Let $K$ be a field with an involution $*$, meaning $*:K\to K$ is a field homomorphism and $(x^*)^*=x$ for all $x\in K$. Let $M$ be a conjugate-symmetric $n\times n$ matrix with entries in $K$, meaning ${M_{ij}=M_{ji}}^*$ for all $1\leq i,j\leq n$.

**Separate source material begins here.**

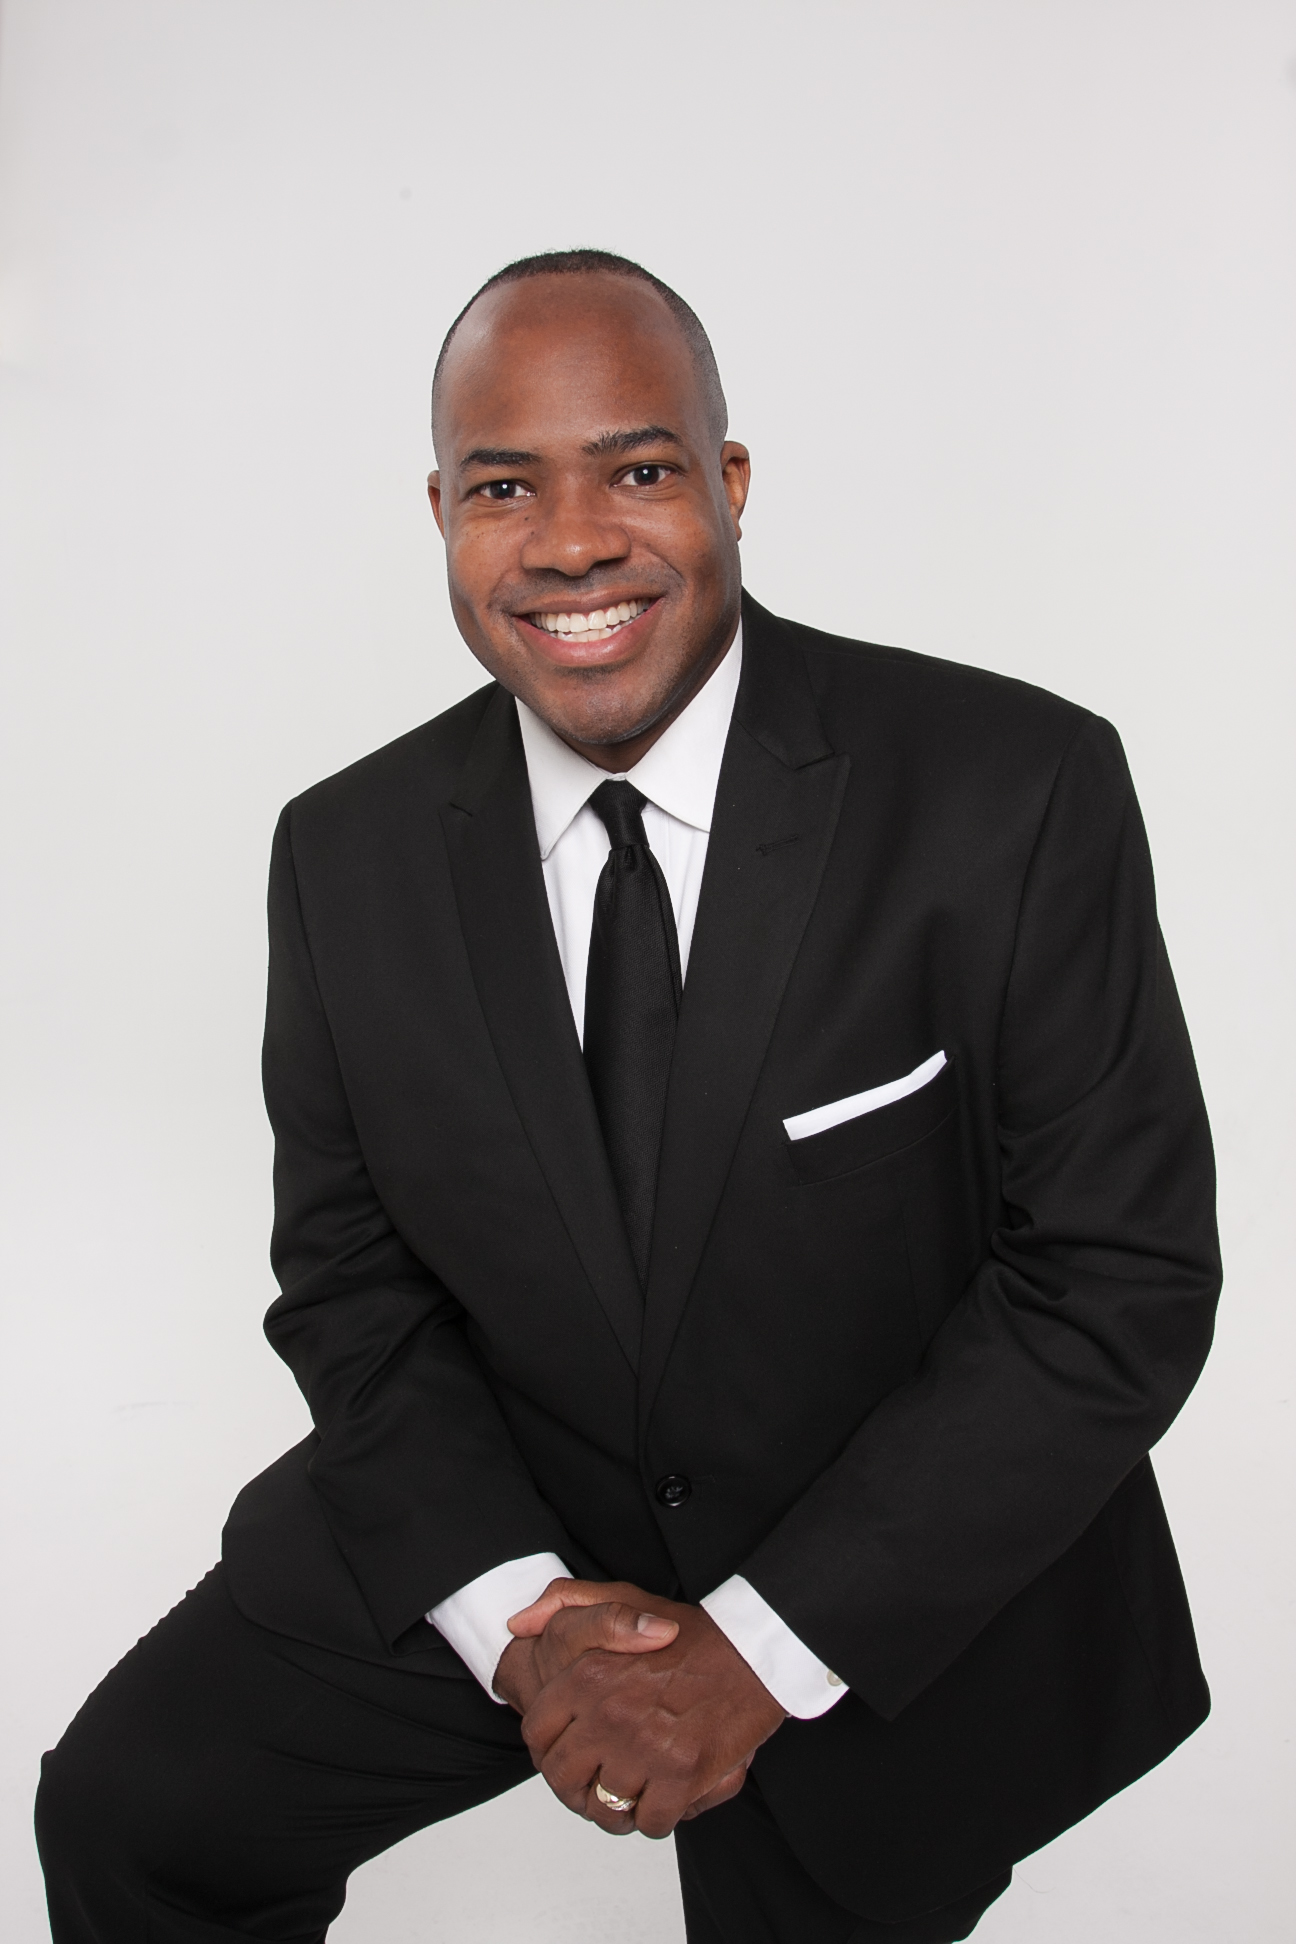 Christopher J. Harris

Is $M$ diagonalizable? If so, must its eigenvalues be of the form $xx^*$? If not, what if we restrict to $*=\text{id}$ and/or char$(K)≠2$?

---

As might be clear, I'm interested in whether the standard real/complex spectral theorems in finite dimension generalize to arbitrary fields. Note that the above question reduces to some standard results for $(K,*)=(\mathbb R,\text{id})$ or $(K,*)=(\mathbb C,\overline{\phantom{x}}\,)$, for which the answers are "yes."

Answer 1

No, consider $\Bbb{Q}(\sqrt{2})$ and a matrix $\begin{pmatrix} 0 & \sqrt{2} \\ -\sqrt{2} &0\end{pmatrix}.$ This matrix has characteristic equation $\lambda^2+2=0$ so it has eigenvalues $\pm\sqrt{2}i.$

The diagonalization of any conjugate-symmetric $A\in M_{n\times n}(\Bbb{F})$ would have the roots of its characteristic polynomial as the diagonal entries, and we'd need to make sure those are elements of the field $\Bbb{F}.$

Answer 2

Let $(K, *) = (\mathbb C, \text{id})$ and $M=\begin{pmatrix} 1 & i \\ i & -1 \end{pmatrix}$. Then $M$ is not diagonalizable.

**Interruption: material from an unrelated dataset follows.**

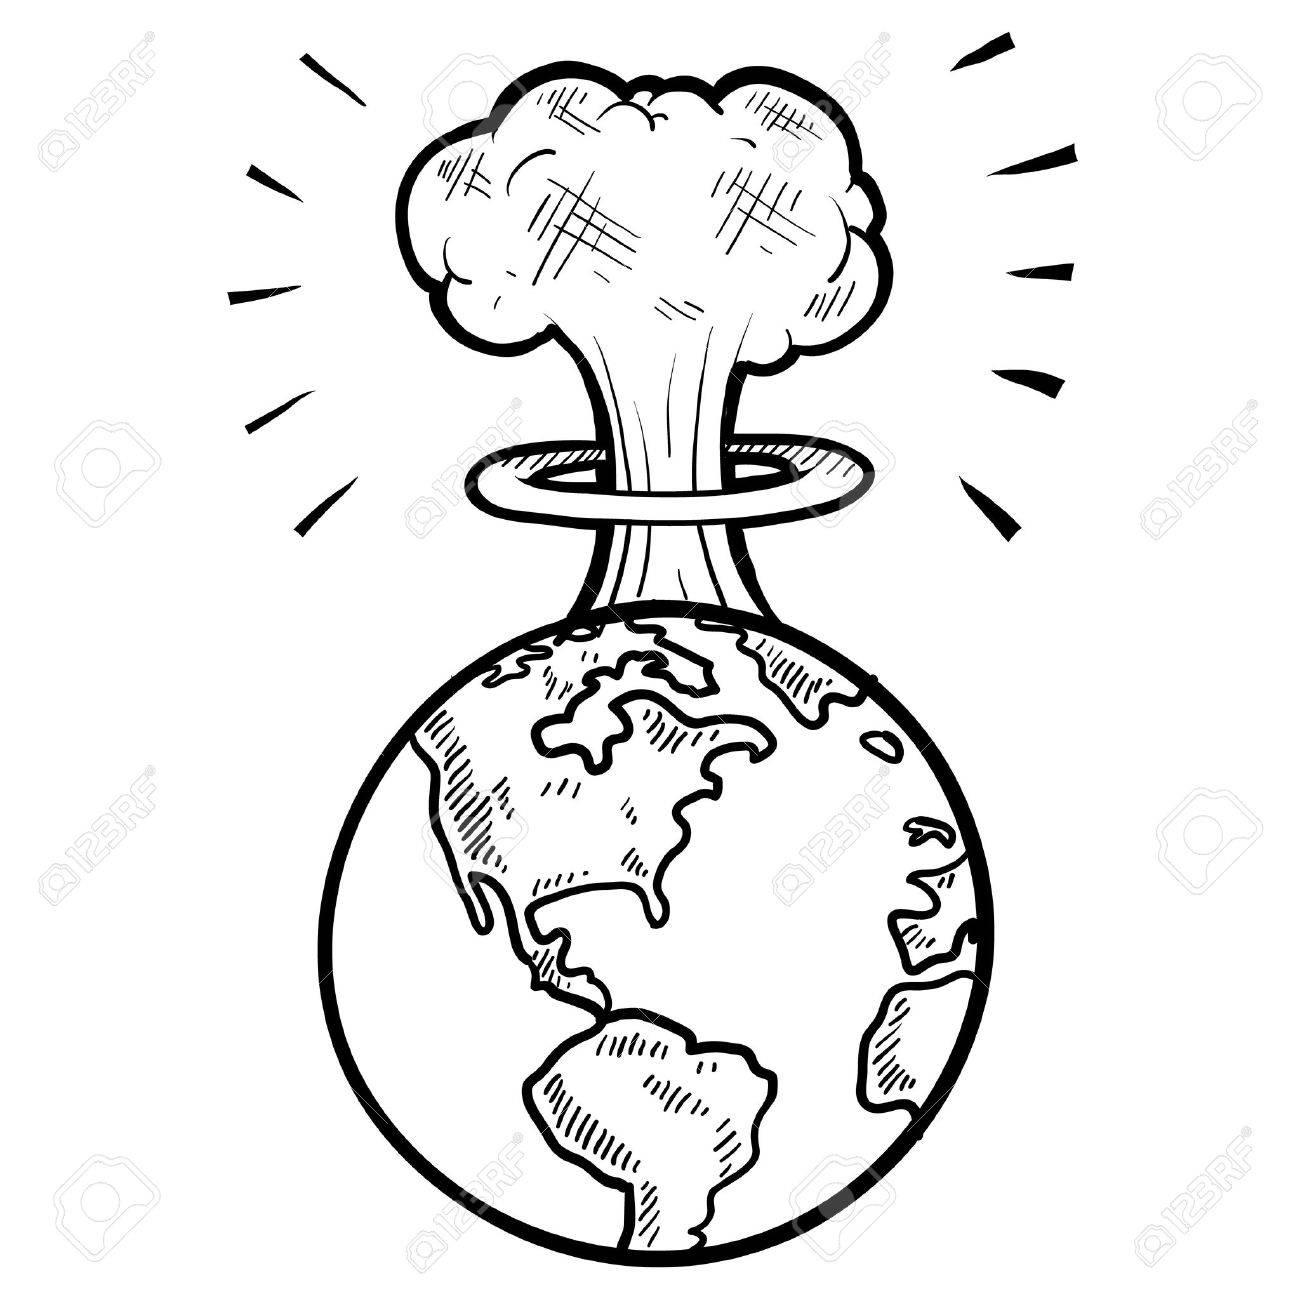 1300x1300 Doodle Style Global Apocalypse With Mushroom Cloud Sketch

(See Why a complex symmetric matrix is not diagonalizible?)

It's pretty harsh for the spectral theorem to hold. For example, you need the field to be almost algebraically closed, as argued by @Chickenmancer. In general, it's hard to generalize results from linear algebra over $\mathbb R$ or $\mathbb C$ to other fields if the result depends on positivity, like the dot product or conjugation with the property $x^*x\ge 0$.

Answer 3

For arbitrary fields of positive characteristic the answer is no.

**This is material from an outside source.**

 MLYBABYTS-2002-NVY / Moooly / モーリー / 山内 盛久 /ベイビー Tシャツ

with $\text{char }\mathbb K = p$, let $J$ be the $p\times p$ matrix of all ones. Then $\text{rank}\big(J\big) =1$ and $\text{trace}\big(J\big) =0$ so $J$ is non-zero nilpotent-- i.e. it is not diagonalizable. But $J=J^T$ and the any field homomorphism sends $1$ to $1$ so $J$ is conjugate-symmetric.